Repository for code, datasets, and resources related to my Level 4 project. My project is an NLP task for extracting household task structure from Wikihow articles, specifically related to the tools and materials required for a given task.
- Datasets - Unlabelled datasets generated over the course of the project. Includes TYN dump scraped from Wikihow.
- Notebooks - Notebooks created in the project. Includes exploration of initial design ideas and training of transformer models on hosted GPU.
- Preprocessing scripts - Scripts used to generate and convert labelled training data created using gazetteers and Jaccard similarity matching on noun chunks.
- ner - CNN NER model trained on simple string matching labelled data. spaCy project with instructions for running inside.
- ner_jaccard CNN NER model trained on Jaccard labelled data. spaCy project
- Jaccard_trained_script - To interact with packaged CNN model trained on Jaccard labelled data. Model achieves good results on unseen data labelled using the same method, but system does not perform well at TYN extraction on practical examples.

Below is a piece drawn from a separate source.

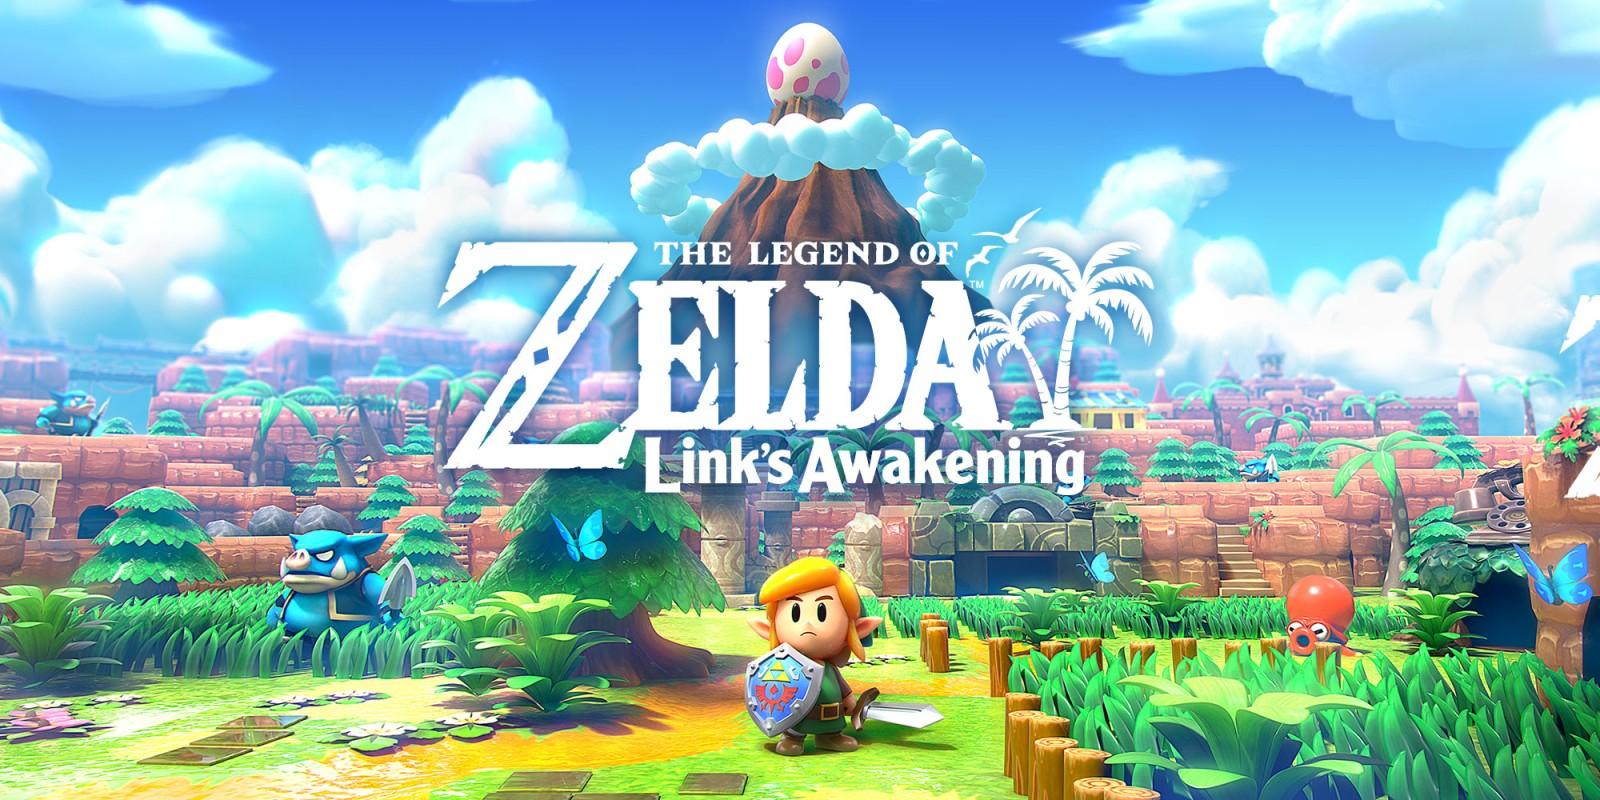 Jeux vidéo en France : FIFA, Ghost Recon, The Legend of Zelda… un classement varié !

- Prodigy labelling - Folder with files related to human-labelled data created using Prodigy and models trained on this dataset. Includes spaCy projects for models with instructions to run.
- transformer_ner_HaG - Transformer model trained only on instructions from articles in the "Home and Garden" category, labelled using Jaccard matching. Model achieves good performance and script works well with practical examples from instructions for tasks in the correct category.
- transformer_prodigy_script - Script for interacting with transformer model trained on human-labelled data. This is the final system evaluated, and this model has the strongest metrics on test data and best results at extracting TYN from real instructions. tests folder inside includes tests on examples of real instructional text.
- model_dataset_application - Directory for scripts and metrics from applying final system for extracting TYN using trained model to Wikihow dataset. Includes produced Wikihow datasets enriched with scraped and generated TYN.